Peter Rhodes: Bring back the pound note
CRACKED coins, Maggie's wobble and humble pie at Oxford
YESTERDAY was an election day for councils all over the land. Radio and television duly abided by their broadcasting rules which forbid political coverage while voting is in progress. The newspapers, bound by no such rules, carried on as normal. But the distinctions between printed and broadcast media are crumbling. If you get your news over the internet you would have found the BBC website carefully avoiding UK politics yesterday while the Daily Telegraph website, just a couple of clicks away, was in full-on election mode, reporting Theresa May accusing Brussels of trying to influence the General Election. Very odd.
TO add to the silliness, although Auntie Beeb stuck to the rules in order that voters' minds might not be polluted by the cut and thrust of UK politics, she delivered endless coverage of the cut and thrust of French politics. Bizarre, n'est ce pas?
THE new £1 coin is causing problems, with some being cracked, misshapen or with the middle part missing. If £1 notes work perfectly well in Scotland, Northern Ireland and Jersey, why on earth can't we restore them in England?
VINCE Cable, Simon Hughes and Edward Davey are three Lib-Dem knights accused of dropping the “Sir” while on the campaign trail, to make them appear more commonplace. If so, then Vinnie, Symie and Teddy are by no means the first. I recall a delightful old chap who was a Tory Member of the European Parliament in the 1980s. He answered to the rather grand name of John de Courcy Ling, except during elections when he was plain John Ling.

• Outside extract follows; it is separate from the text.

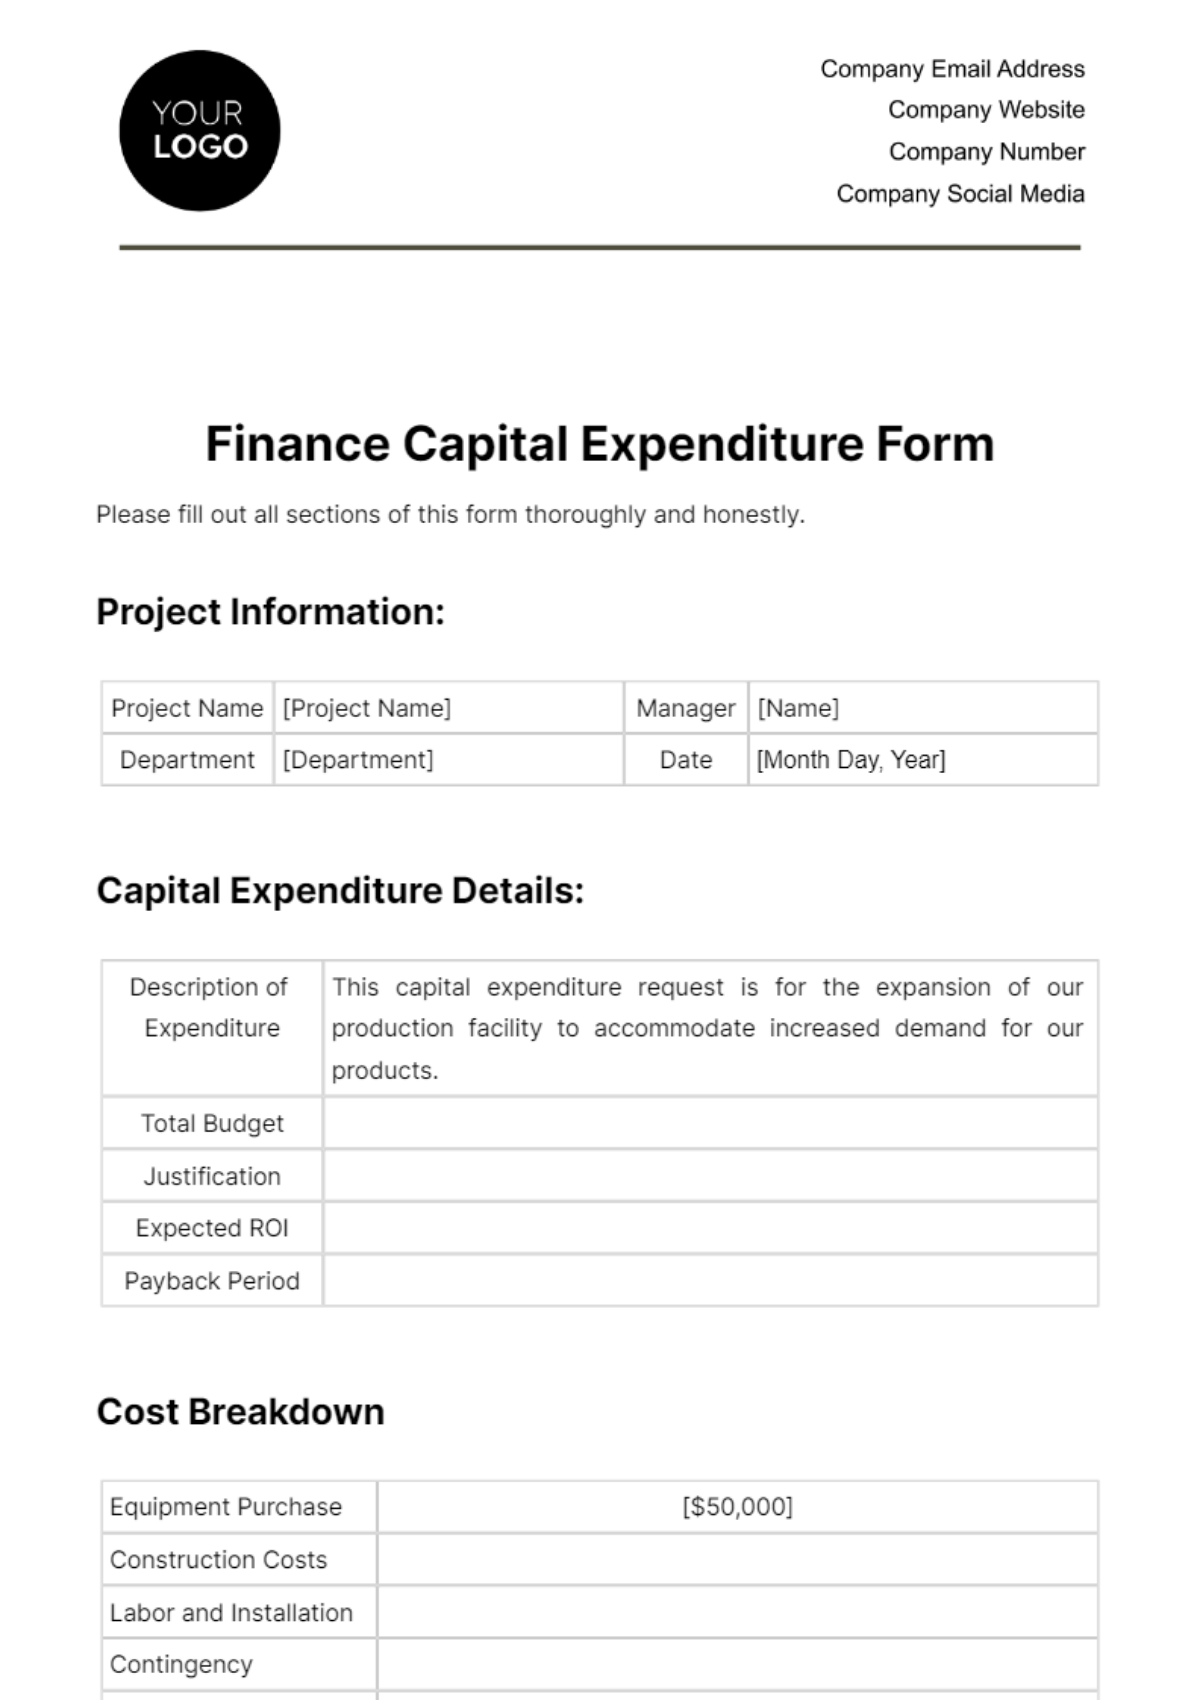 Finance Capital Expenditure Form Template

SO far in this campaign, Theresa May has been spared a wobble crisis. Margaret Thatcher's Wobbly Thursday fell during the 1987 General Election campaign when, hit by raging toothache and a sudden slump in the opinion polls, the Iron Lady suddenly feared she might lose the election. Polls are volatile and scary things and it would be surprising if Mrs May didn't have a moment like that in the weeks to come. PS: Wobble or not, Thatcher was returned with a majority of 102 seats.

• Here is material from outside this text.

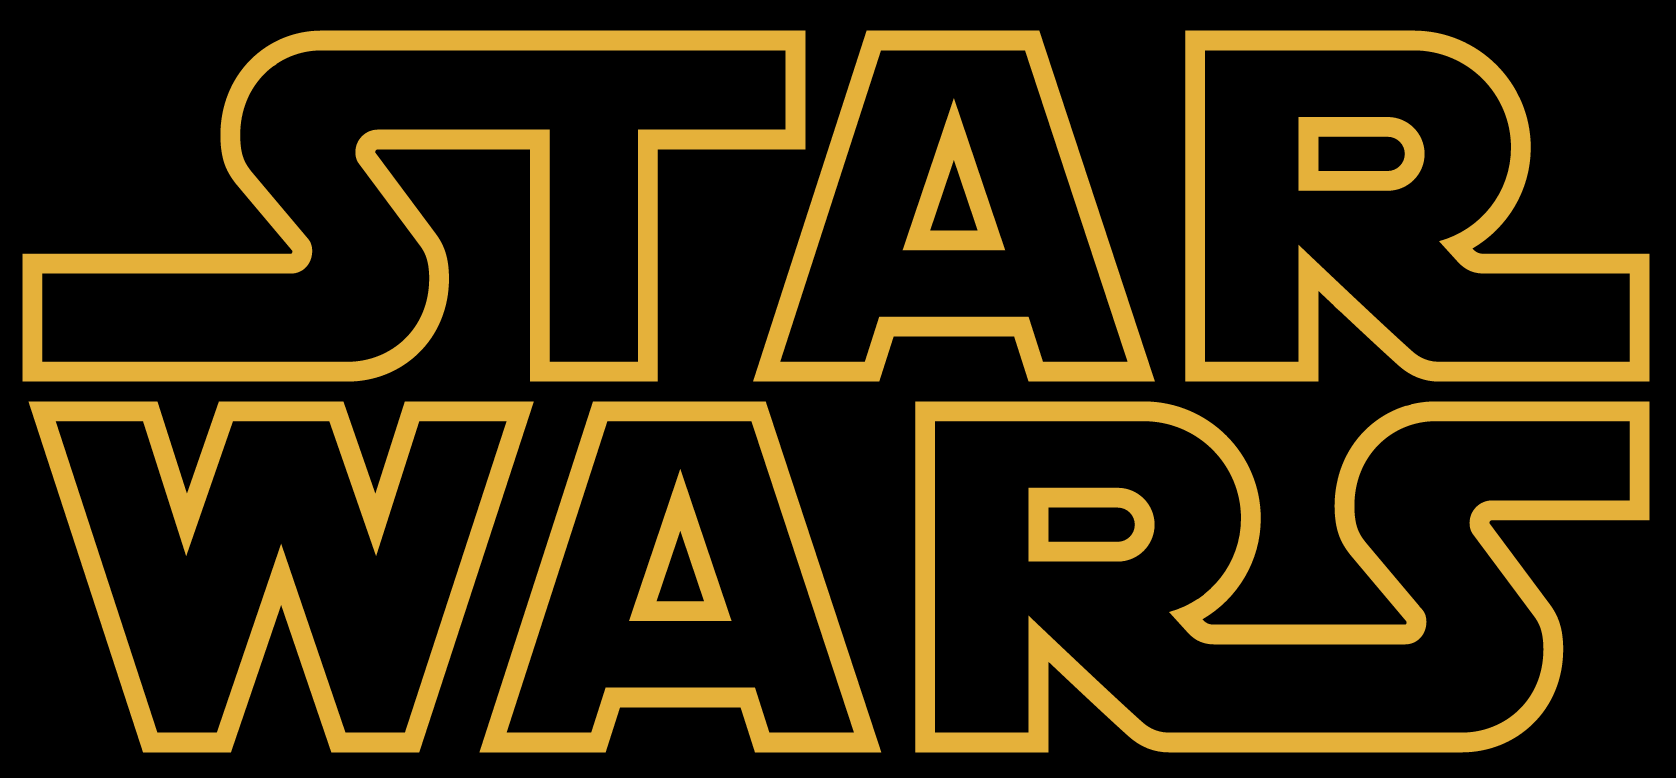 Movie News: New Star Wars films to come out every summer starting in 2015

OXFORD University's Equality and Diversity Unit sternly advised students in a newsletter that avoiding eye contact could be regarded as a form of racism (“a racial microaggression” ) which can lead to “mental ill-health”. The unit was forced to issue a humiliating retraction when readers pointed out that autistic people can find it hard to make eye contact. There are few funnier sights than the holier-than-thou dining on humble pie.
OUR old tabby has shed his winter weight. He celebrated his new-found agility this week by killing and eating two grey squirrels which would otherwise be devouring the eggs and fledglings of our local songbirds. The domestic cat – sinner or saviour? Discuss.

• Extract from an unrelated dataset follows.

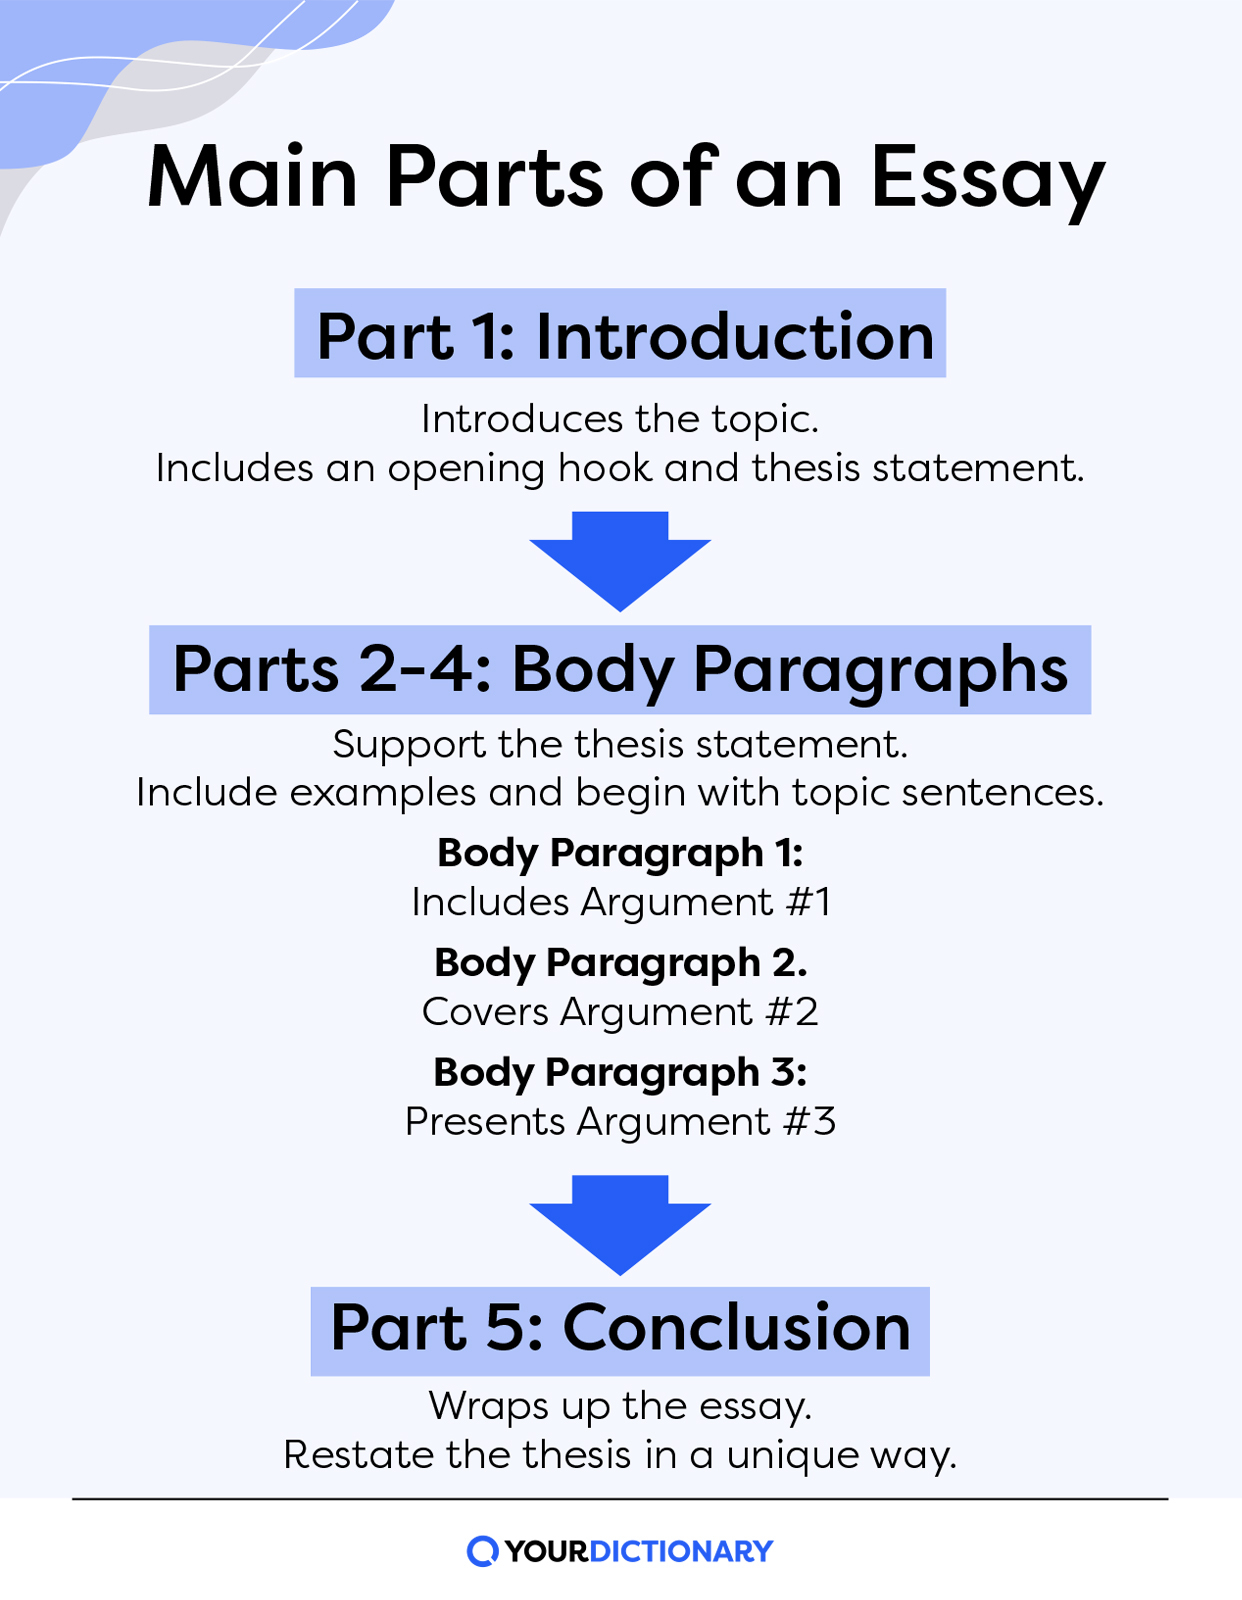 5 main parts of an essay with tips for writing them from the article

WE'RE off to Scotland later this month. As anyone will tell you, Scotland can be glorious in May. The snag is that the glory may have started a wee bit early. The Highlands have been bathed in sunshine this week and, realistically, what are the odds of it staying fine for three more weeks? I fear we will arrive to that traditional Scottish greeting: “Och, you've just missed a lovely fortnight.”